The Matcher and Pattern classes of the java.util.regex package helps us in matching character sequences against patterns specified by regular expressions.
Similarly, the Normalizer class in the java.text package provides the method normalize which transforms Unicode text into an equivalent composed or decomposed form, allowing for easier sorting and searching of text. The normalize method supports the standard normalization forms described in the Unicode Normalized forms.
Specifically for the web components, we have the HttpServletRequestWrapper class, whose methods are useful in wrapping the given HTTPServletRequest object for processing the data input for validation.
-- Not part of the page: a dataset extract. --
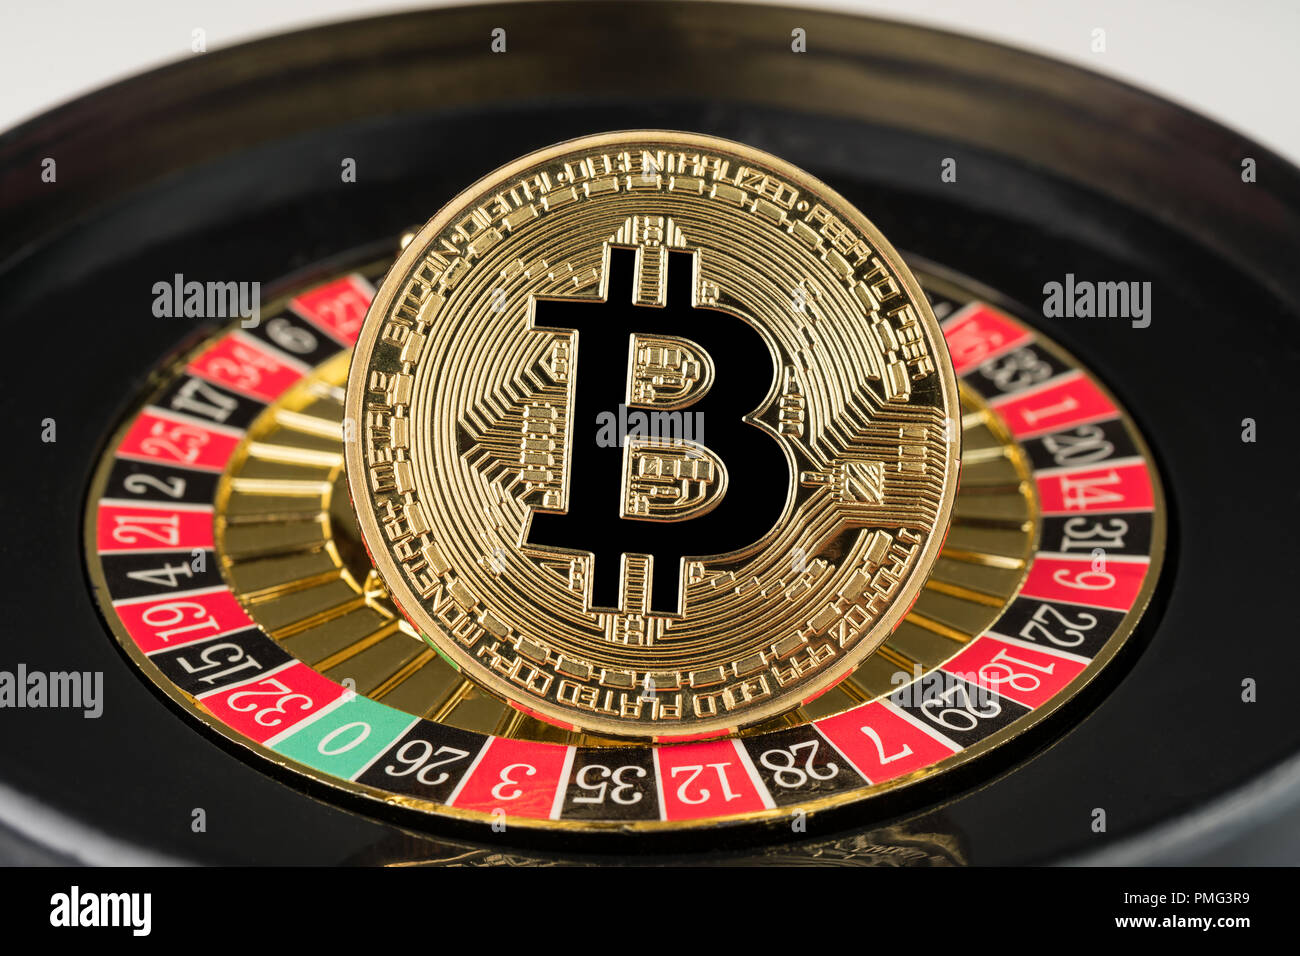 Is best bitcoin casinos Making Me Rich?

And, of-course, we have the Filter interface which can help us in designing a validating filter.
Dr. Kumar: For Output encoding we have the URLEncoder class from the java.net package for the HTML form encoding. The static encode method converting a String object to the application/x-www-form-urlencoded MIME format.
Although not a part of the Java EE 6 part we are discussing, we have some interesting libraries from apache.commons.lang whose StringEscapeUtils class provides a number of methods to Escapes and unescapes String objects for Java, Java Script, HTML, XML, and SQL.
The ResponeUtils class of the Struts framework (of the yesteryears) can also be highlighted here. General purpose utility methods of this class is related to generating a servlet response in the Struts controller framework.